I don't know where this came from. I really don't know. But it came along over three days.

It was interesting to write. Just to see a different perspective on Pinkie. It took me some time to nail down Cheese Sandwich's point of view. But I think it came out well.

Hope you all enjoy this :twilightsmile:

Most ponies think that sanity is something given to you when you are born. That it is a gift to you from whomever you believe made you, and that you don't have to do anything to earn it. But they are wrong. Sanity is the small island we are on. The water lapping around that island is insanity. When we are born, we are immersed in that water. That's why babies cry, and toddlers scream and throw tantrums. They have not yet been taught sanity's ways. As they grow, they learn them, and pull themselves out of the water and onto the island. What ponies don't realize is that sanity is a choice. We choose it every day, every moment. Some ponies like to wade into those waters again, and some immerse themselves into it by choice.

There is a select group of ponies, though, that have two hooves in the water and their flank on land. Some might consider me a part of that group. They might even be correct. But I know one other pony who is there.

Pinkie Pie.

We’ve grown close over the years, to the point of being more than friends. The zany, happy, party going pony was so much more than what was beneath the surface. I had barely scratched the surface of who she was when I met her. Somepony seemingly one dimensional to everypony else is so much more to me. Even when we just met, and she cried when she thought she wouldn’t headline Rainbow Dash’s birthaversary bash, I saw there was more to her than met the eye.

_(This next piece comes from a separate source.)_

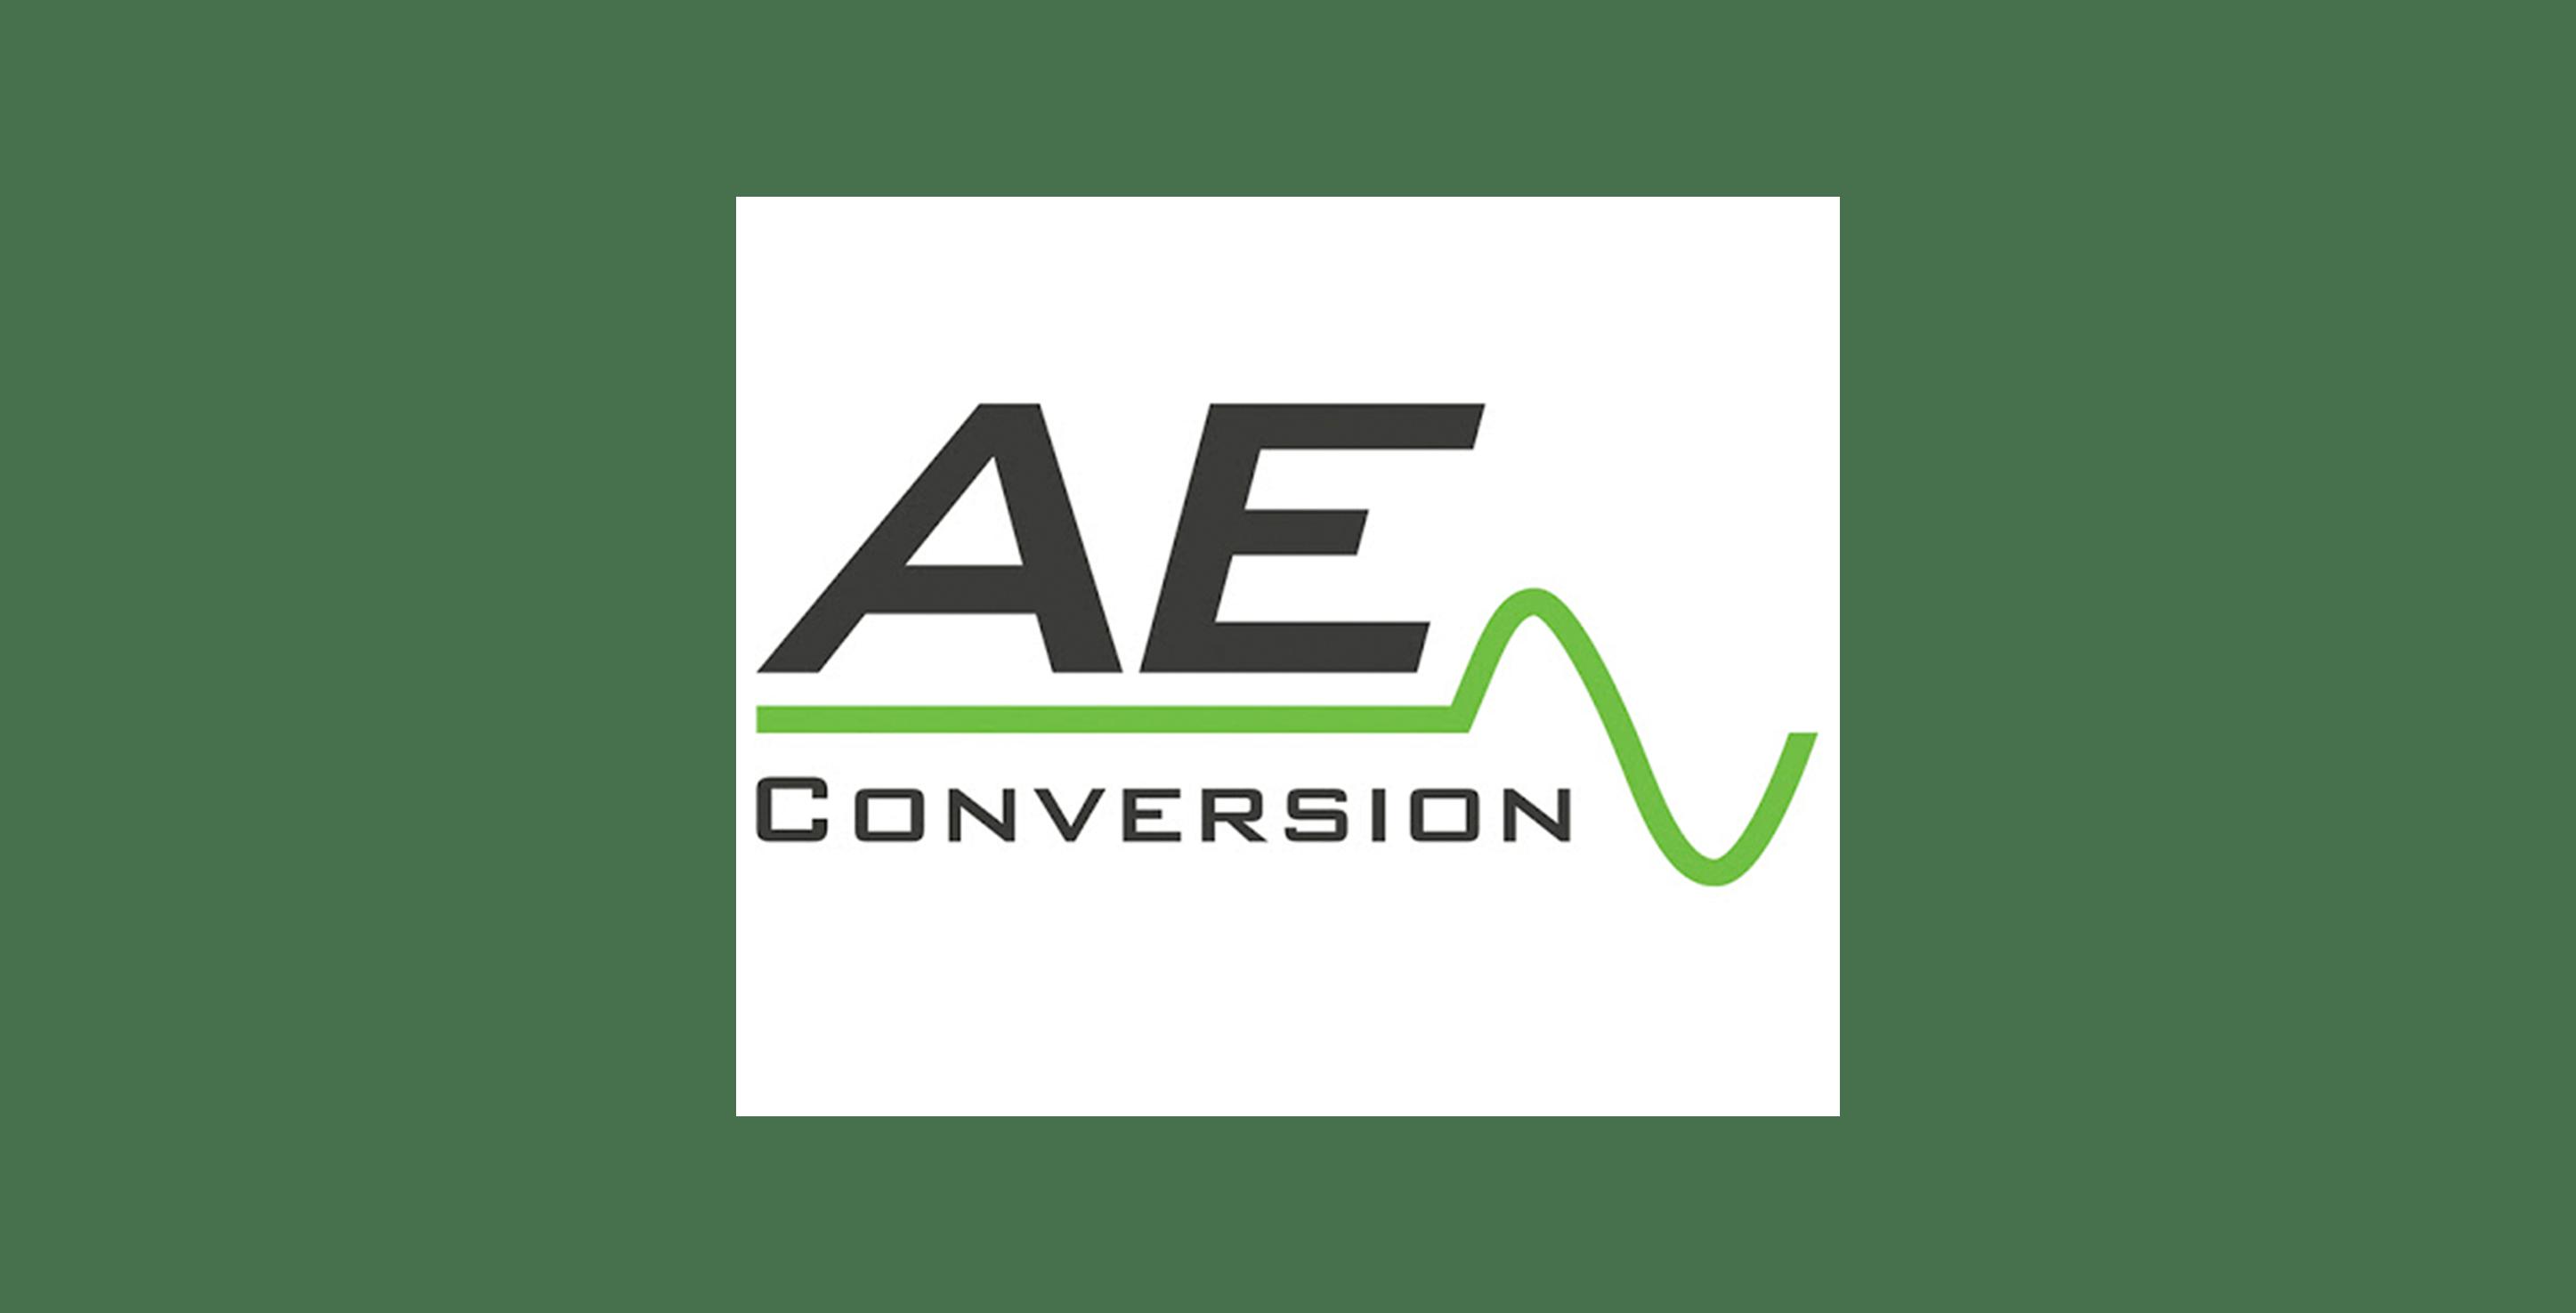 AEconversion GmbH & Co. KG
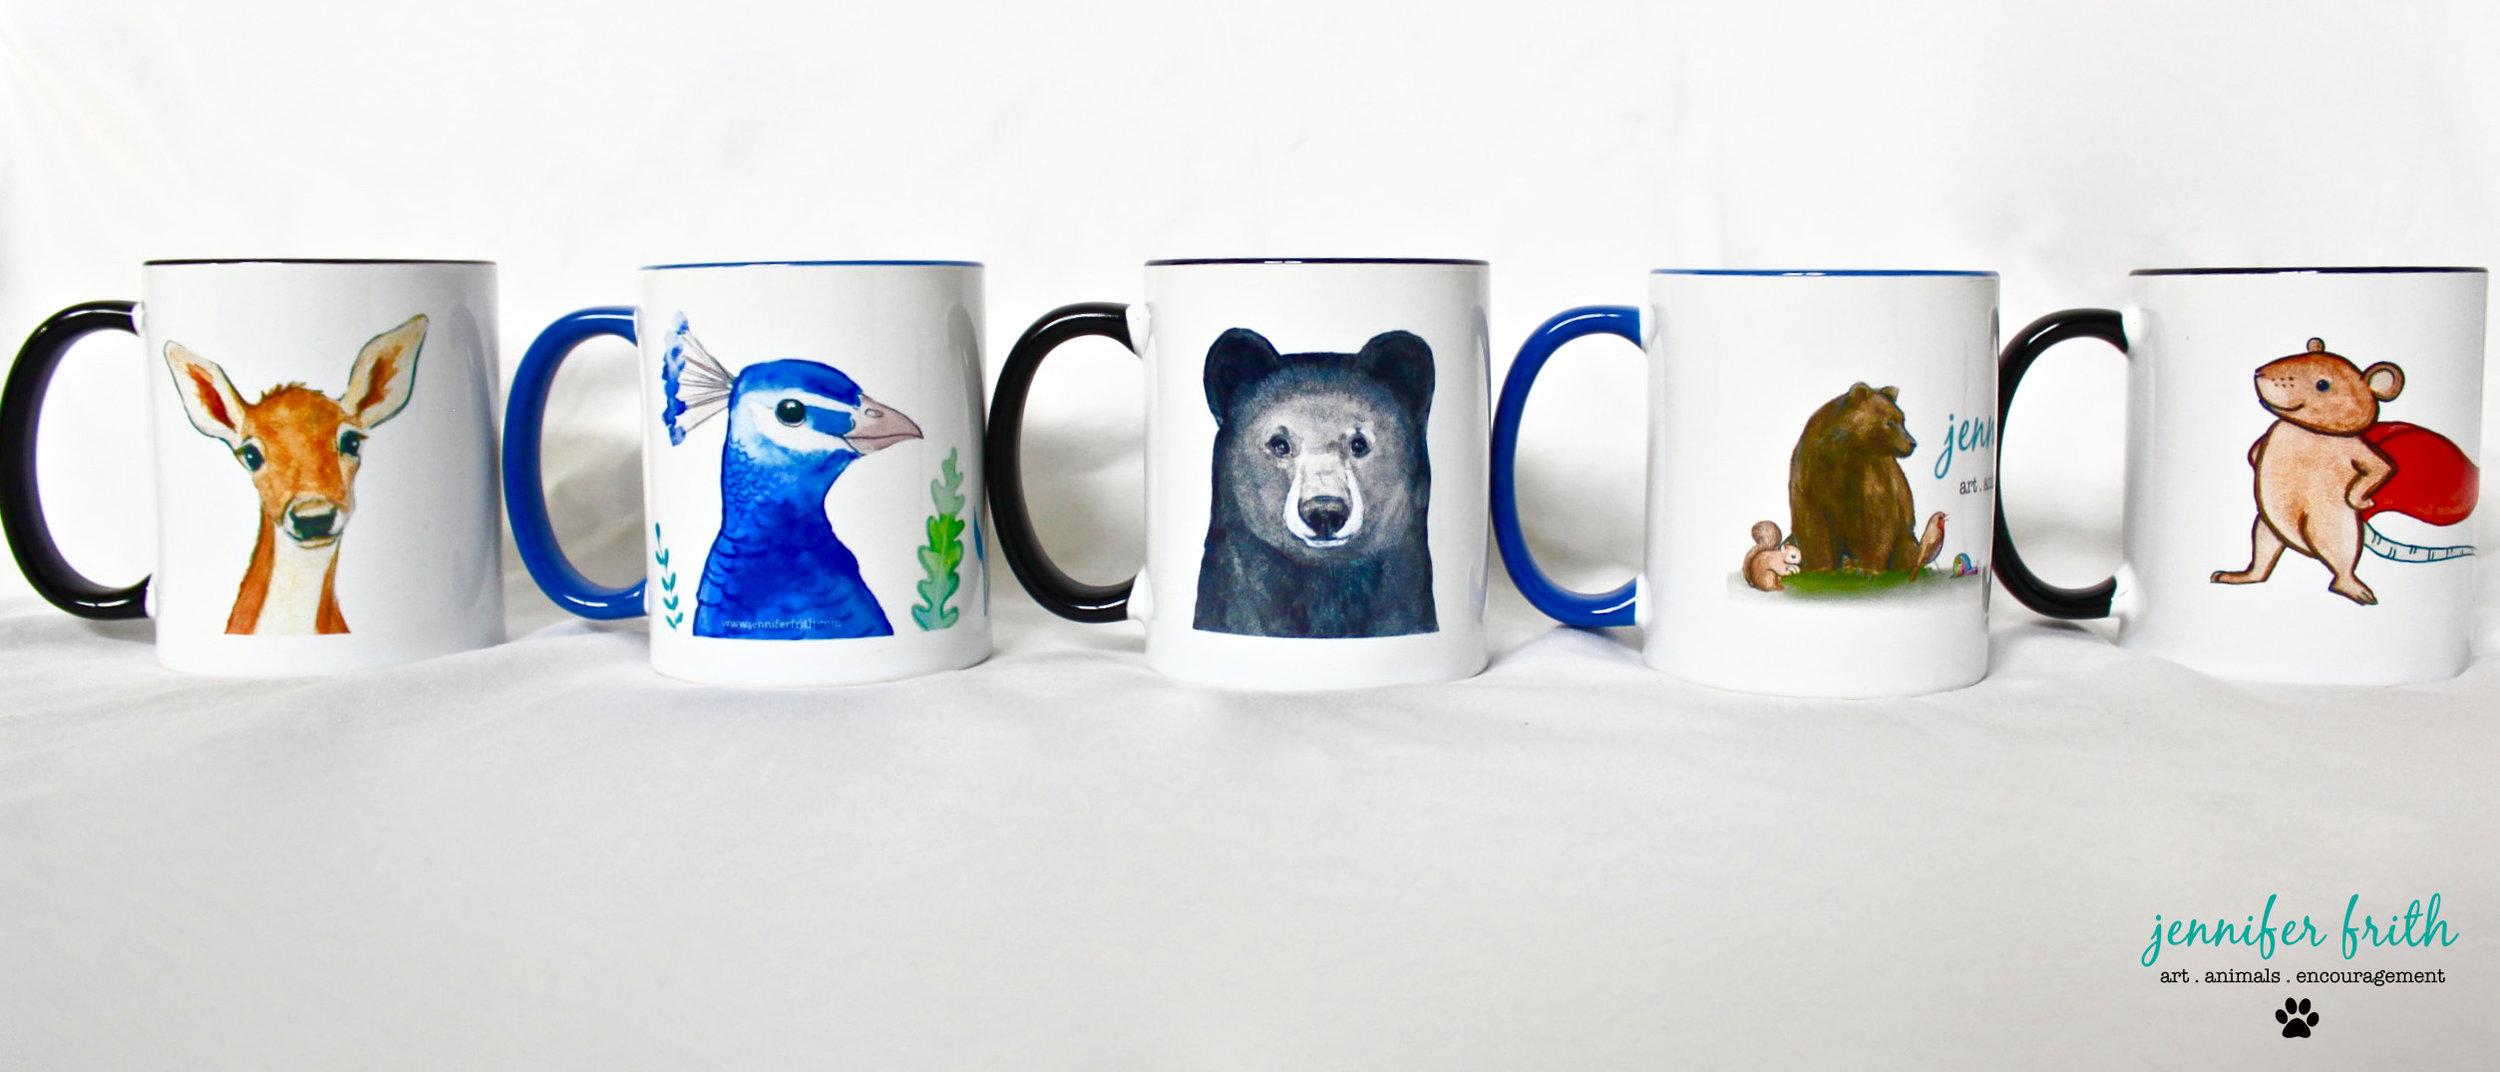 Jennifer_Frith_Illustrator_mugs

Most ponies see the both of us as super duper party ponies. They think we can’t get sad, that we only live to make Ponies laugh and smile, that we are impenetrable walls of joy and excitement. They do not see that we too have feelings. My feelings that ponies didn’t see were mainly insecurities. I feared being invisible. I wanted ponies to notice me, to see me, to pay attention. I thought that from that standpoint, I could understand what she was going through. But the deeper I dug, the more I realized that wasn’t an issue for her. Her party pony persona did not cover up the fear of being invisible. No, not at all. Her persona covered up the fear of being forgotten, and being only loved for making parties.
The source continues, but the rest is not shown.